So if \(p\) is infinitely differentiable, \(E[Z(x)]\) will be too for most \(g\) (e.g. \(g(x,\varepsilon)=x-\varepsilon\)). This still holds even if \(f\) if some strange undifferentiable process which may make this useful for optimization (ie stochastic gradient descent).

Notes

[1] We can compute \(\partial g_x^{-1}(u) / \partial x\) using the total derivative of \(g\). Note that \(g(x, g_x^{-1}(u))=u\). We treat \(u\) as constant and differentiate both sides with respect to \(x\).
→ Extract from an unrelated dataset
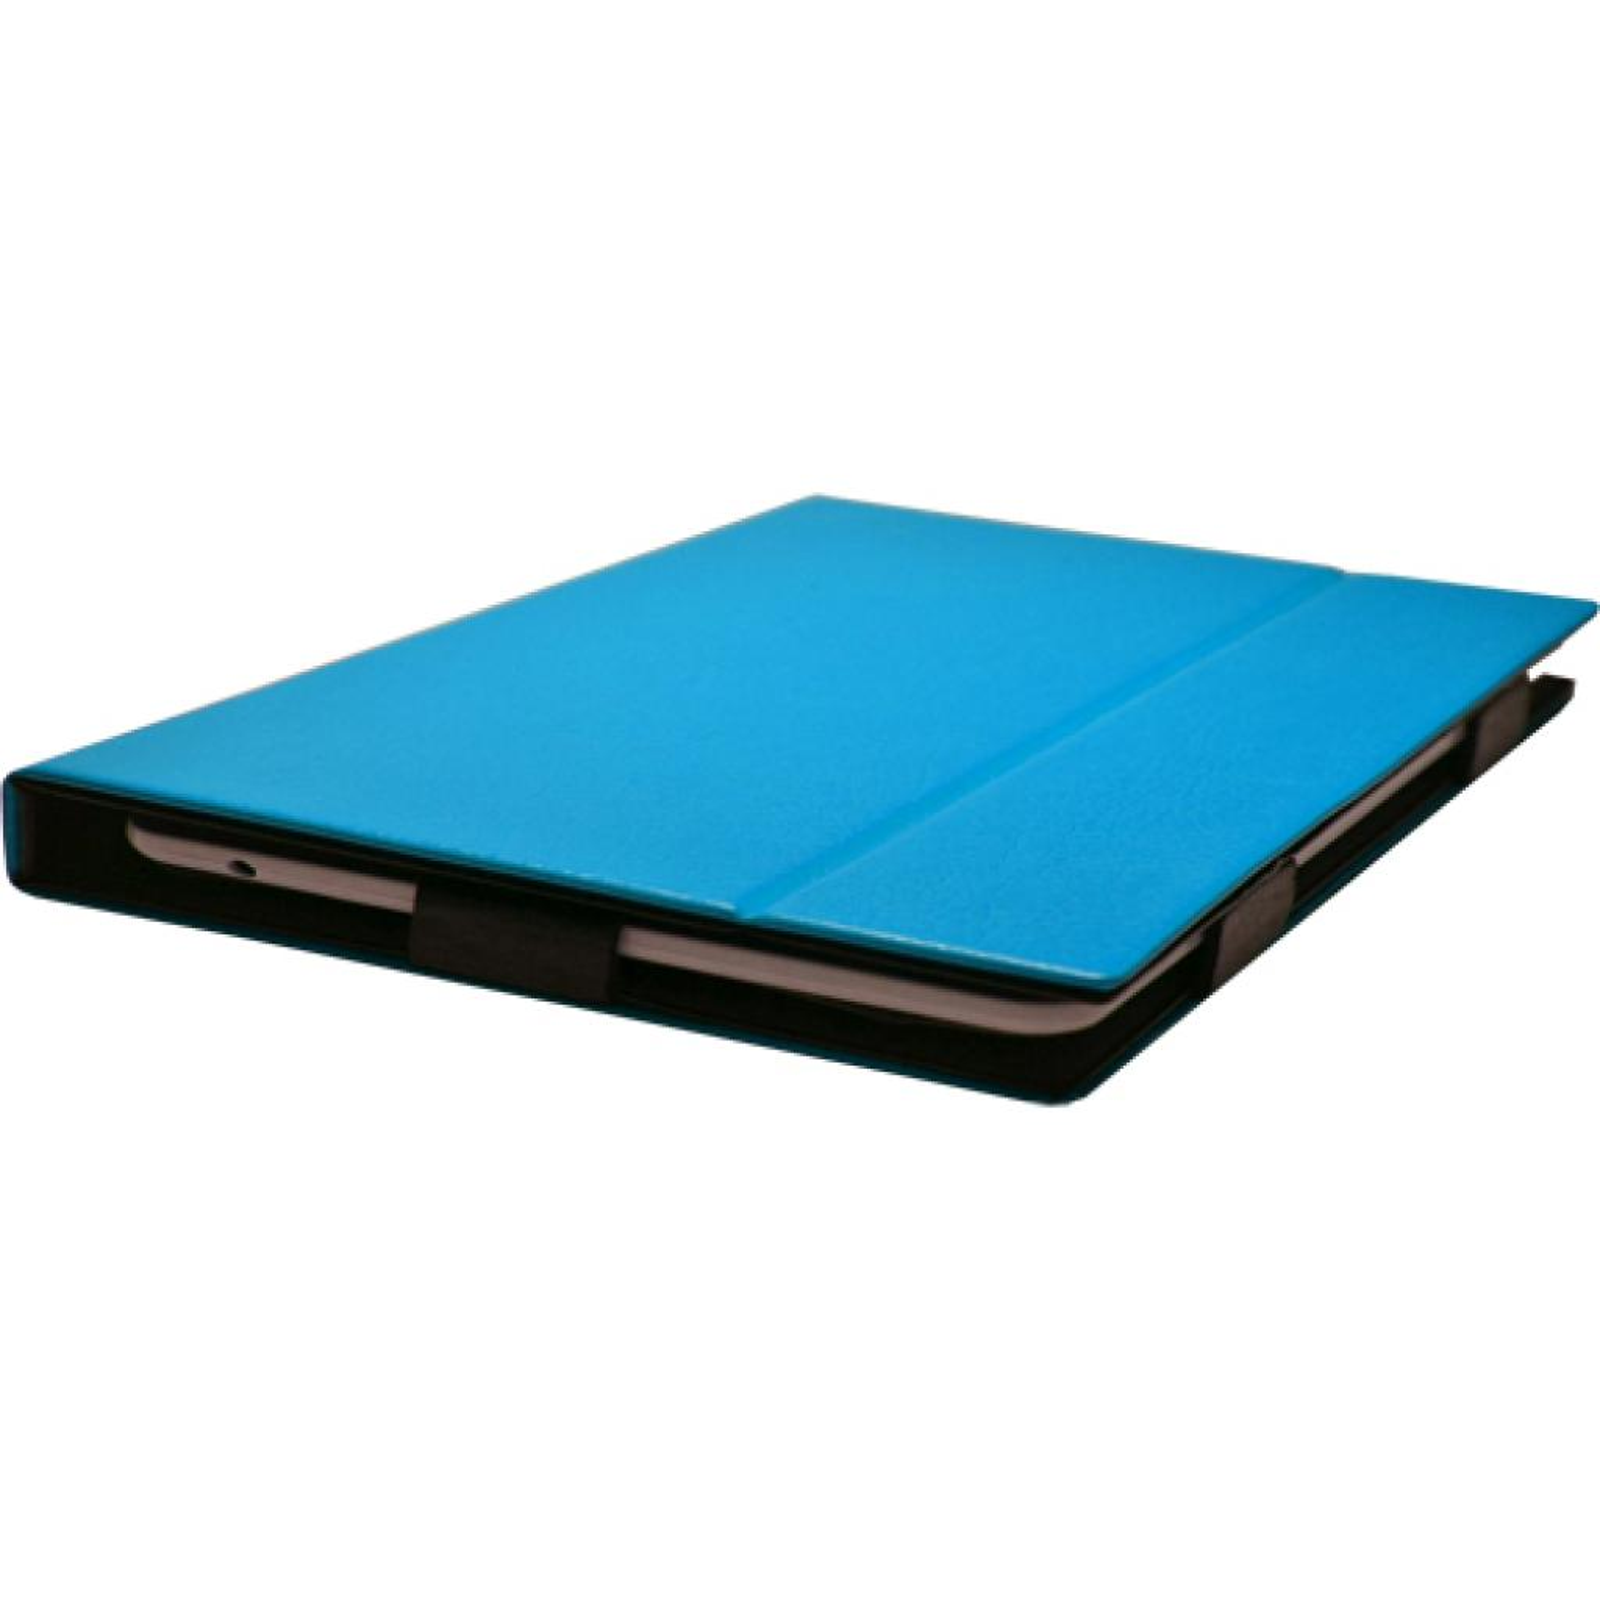 Чехол для планшета Vento 9.7 Desire Bright -blue изображение 3

By chain-rule:

\begin{flalign} \frac{\partial g}{\partial x}\frac{\partial x}{\partial x} + \frac{\partial g}{\partial \varepsilon}\frac{\partial g_x^{-1}(u)}{\partial x} &= 0 \to \frac{\partial g_x^{-1}(u)}{\partial x} = -\frac{\partial g}{\partial x}\left (\frac{\partial g}{\partial \varepsilon}\right)^{-1} \end{flalign}

Similarly by chain-rule:

\begin{flalign} \frac{\partial}{\partial x}\left [\frac{\partial g_x}{\partial\varepsilon}\right](g_x^{-1}(u)) &= \frac{\partial}{\partial x} \left[\frac{\partial g}{\partial \varepsilon}(x, g_x^{-1}(u))\right]= \frac{\partial [\partial g/\partial\varepsilon]}{\partial x} + \frac{\partial [\partial g/\partial\varepsilon]}{\partial \epsilon}\frac{\partial g_x^{-1}(u)}{\partial x} \\ &= \left. \frac{\partial^2 g}{\partial x\partial \varepsilon} - \frac{\partial^2 g}{\partial \varepsilon^2}\frac{\partial g}{\partial x}\left (\frac{\partial g}{\partial \varepsilon}\right)^{-1} \right |_{x, g_x^{-1}(u)} \end{flalign}

Now we may apply quotient rule on \(p(g_{x}^{-1}(u))\) and \([\partial g_x/\partial\varepsilon](g_x^{-1}(u))\):

\begin{flalign} \frac{d}{dx}\left [\frac{p(g_{x}^{-1}(u))}{\frac{\partial g_x}{\partial\varepsilon}(g_x^{-1}(u))}\right ] &= \left. \frac{-p'\frac{\partial g}{\partial x}\left (\frac{\partial g}{\partial \varepsilon}\right)^{-1} \frac{\partial g}{\partial\varepsilon} - p\left [\frac{\partial^2 g}{\partial x\partial \varepsilon} - \frac{\partial^2 g}{\partial \varepsilon^2}\frac{\partial g}{\partial x}\left (\frac{\partial g}{\partial \varepsilon}\right)^{-1}\right ]} {\left (\frac{\partial g}{\partial\varepsilon}\right)^2} \right |_{(x, g_x^{-1}(u))} \\ &=\left. -\frac{p'\frac{\partial g}{\partial x} + p\left [\frac{\partial^2 g}{\partial x\partial \varepsilon} - \frac{\partial^2 g}{\partial \varepsilon^2}\frac{\partial g}{\partial x}\left (\frac{\partial g}{\partial \varepsilon}\right)^{-1}\right ]} {\left (\frac{\partial g}{\partial\varepsilon}\right)^2} \right |_{(x, g_x^{-1}(u))} \end{flalign}